Cataplexy is unique to narcolepsy, although about 30% of patients with narcolepsy do not experience it.  REM-associated atonia intruding into wakefulness causes loss of axial and/or appendicular muscle tone for a few seconds, without loss of consciousness.  The longer the episode, the more likely it will lead directly into REM sleep.  This phenomenon is often precipitated by extremes of emotion, such as anger, fear, excitement, or, most commonly, laughter.  It can occur several times daily or rarely.  Cataplexy can endanger a person’s life if it occurs while driving, bathing or swimming.

Restless sleep is a common complaint among patients with narcolepsy, but not a major cause of daytime sleepiness.  Sleep apnea and periodic limb movements of sleep occur with higher frequency in patients with narcolepsy compared to the general population, but the treatment of these conditions does not improve daytime sleepiness.

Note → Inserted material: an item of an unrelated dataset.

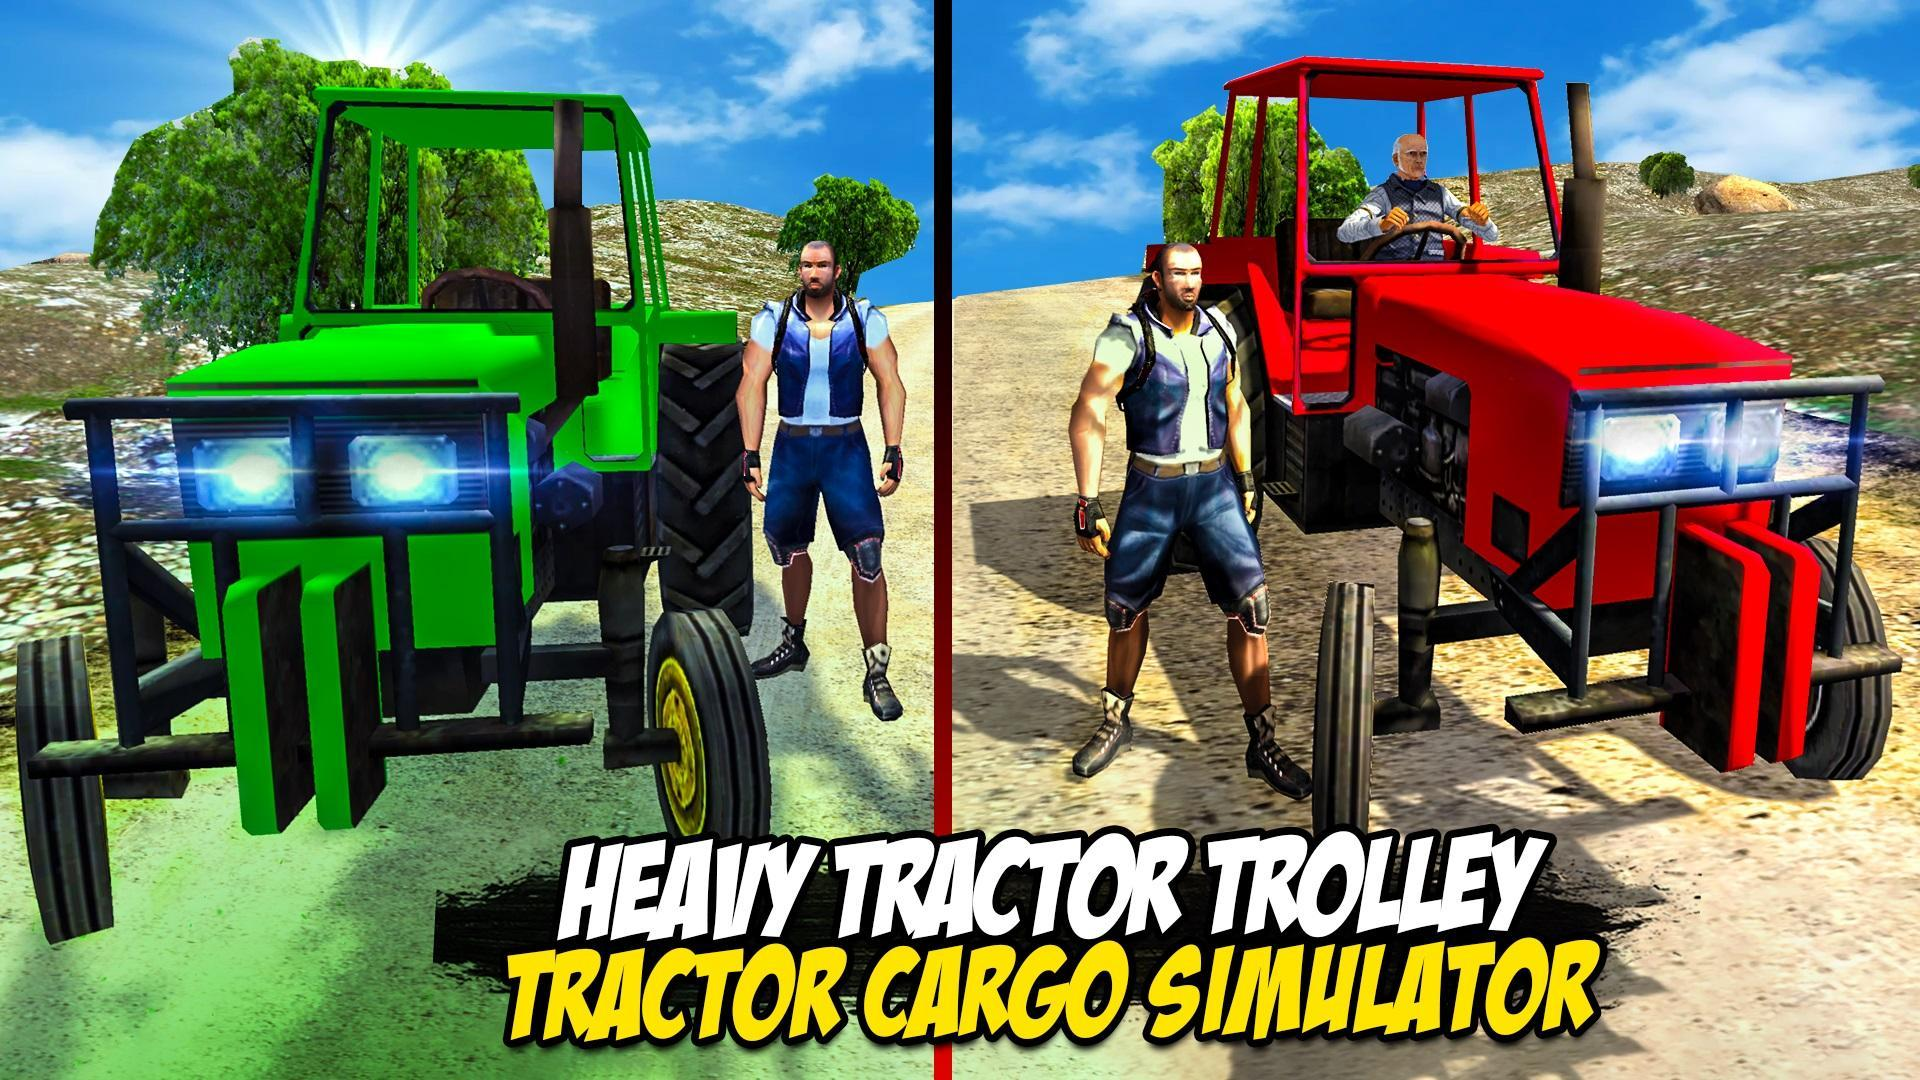 Heavy Tractor Trolley: Tractor Cargo Simulator🚜🚜 3.1 Screenshot 1

            The cause of narcolepsy has yet to be determined.  An immunologic cause has been suggested by the high association of certain class II human leukocyte antigens (HLA) in patients with narcolepsy with cataplexy.  Greater than 85% of narcoleptic patients with cataplexy, of various ethnic backgrounds, share a specific HLA allele, DQB1*0602 (previously known as DQw1), often occurring concomitantly with HLA DR2, in comparison to 12 to 38% of the general population.  Other associated HLA antigens have been reported.  Nevertheless, class II HLA typing is not a routine diagnostic test as these antigens may be absent in some patients with narcolepsy with cataplexy and present in asymptomatic persons.

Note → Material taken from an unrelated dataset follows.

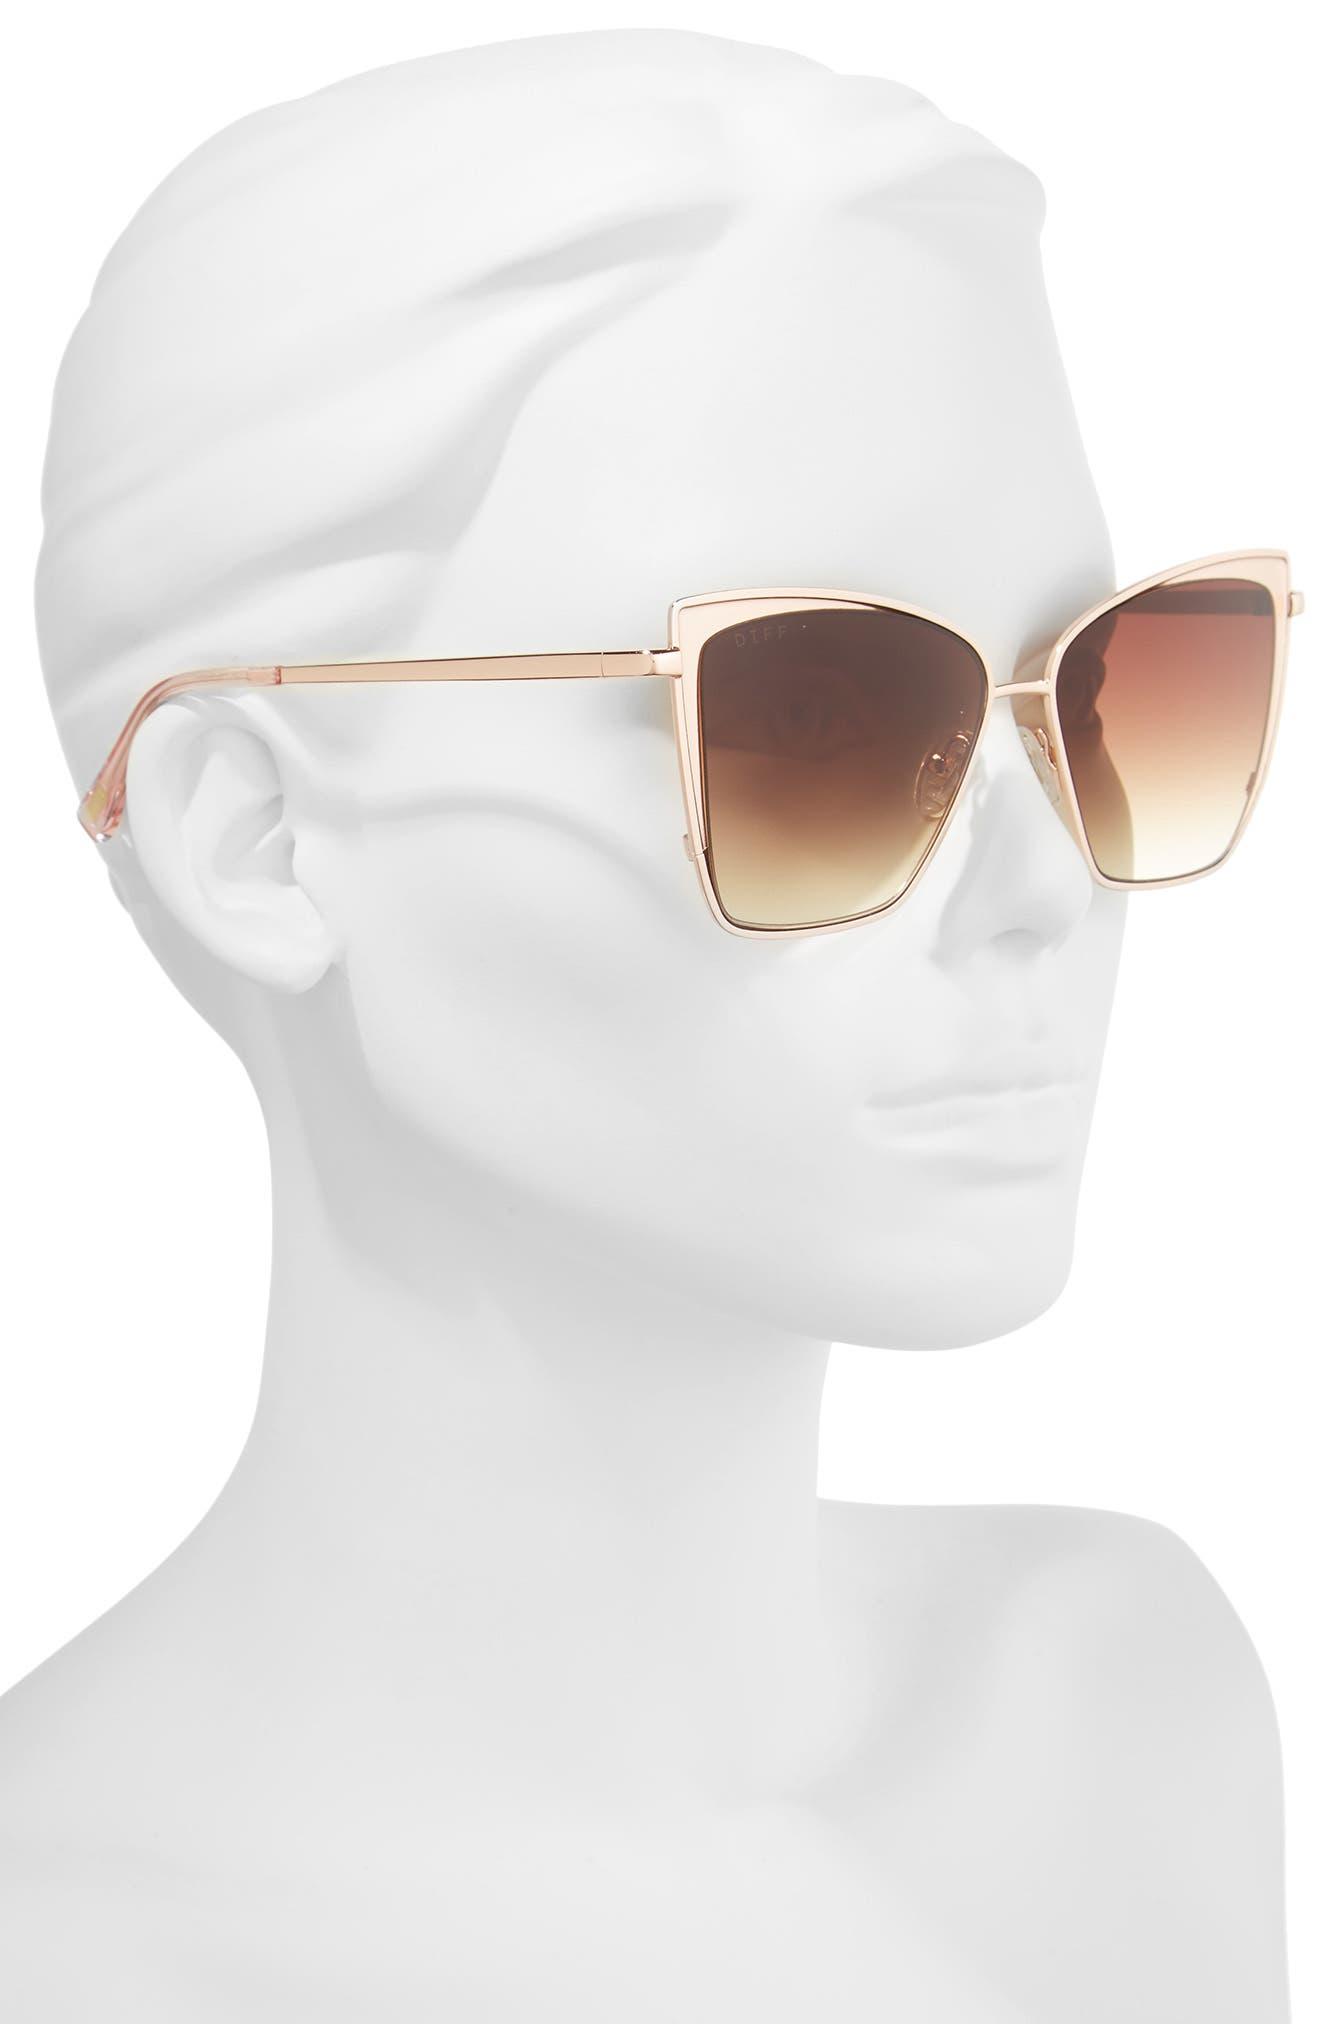 501b28728d1 DIFF Sunglasses for Women

            The definitive diagnosis of narcolepsy is based on a polysomnogram that reveals no cause of hypersomnia and a multiple sleep latency test (MSLT).  The MSLT is a daytime study that consists of a series of four to five nap trials.  Severity of daytime sleepiness is based on sleep latency, or time it takes a subject to fall asleep, and presence of sleep-onset REM (SOREM), or REM sleep within 10 minutes of sleep onset.  A sleep latency of less than 5 minutes is indicative of a pathologically sleepy state, while a sleep latency of 5-10 minutes is only suggestive of it.  The laboratory diagnosis of narcolepsy requires an average sleep latency of less than 10 minutes and SOREM in at least two nap trials.  As SOREM can occur with REM-sleep deprivation from sleep apnea or drug and alcohol withdrawal, an overnight polysomnogram prior to the MSLT is done to screen out such causes.  A two-week period of alcohol or drug abstinence is required before an MSLT.  Compliance can be monitored with a drug screen prior to the study.

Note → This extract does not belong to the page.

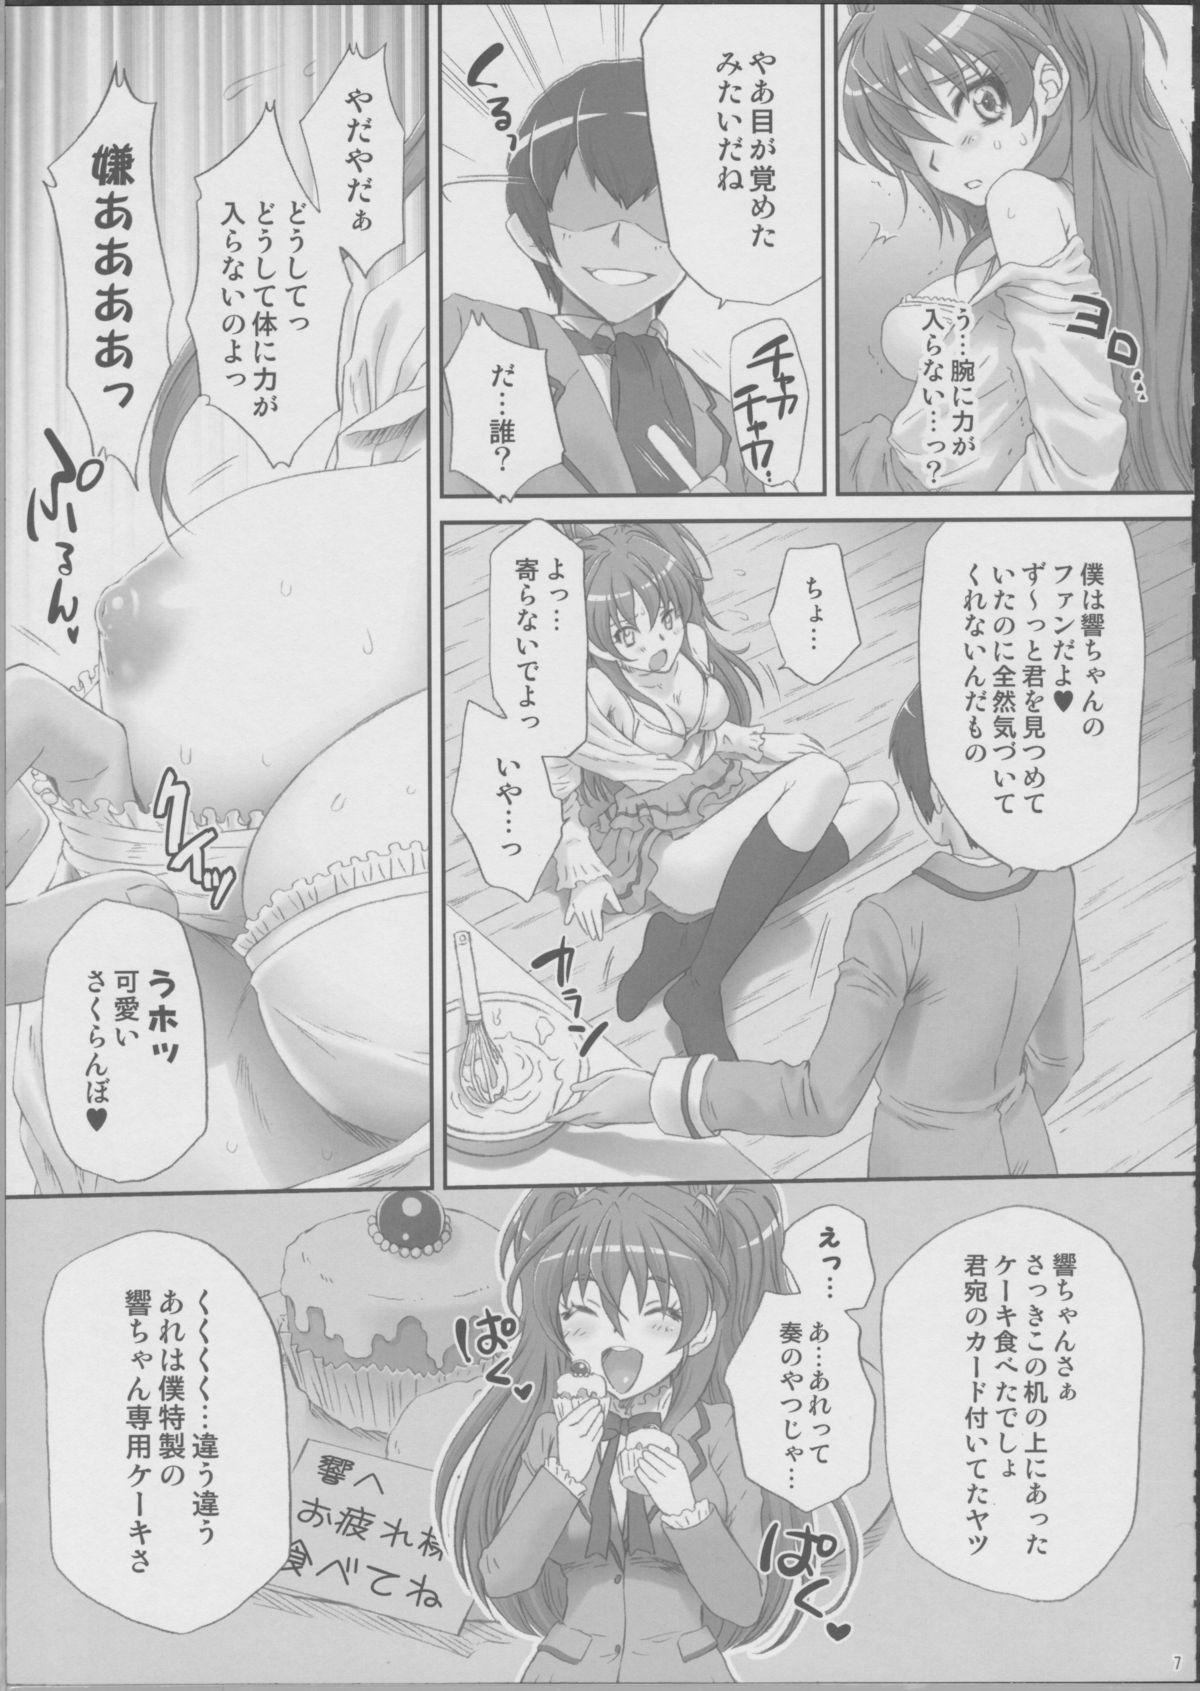 Hibiki de asobou ♪ 5

            The treatment of narcolepsy is often difficult.  Excessive daytime sleepiness and cataplexy are particularly difficult to treat.  The mainstay of treatment is a combination of several planned naps daily and CNS stimulants, such as pemoline, methylphenidate, amphetamine, and modafinil (Provigil®).  To avoid medication tolerance, weekly drug vacations for one to two days are recommended.  Cataplexy, sleep paralysis and hypnagogic hallucinations are treated with tricyclic antidepressants, namely clomipramine, imipramine, nortriptyline, and protriptyline, and other serotonin reuptake inhibitors such as fluoxetine.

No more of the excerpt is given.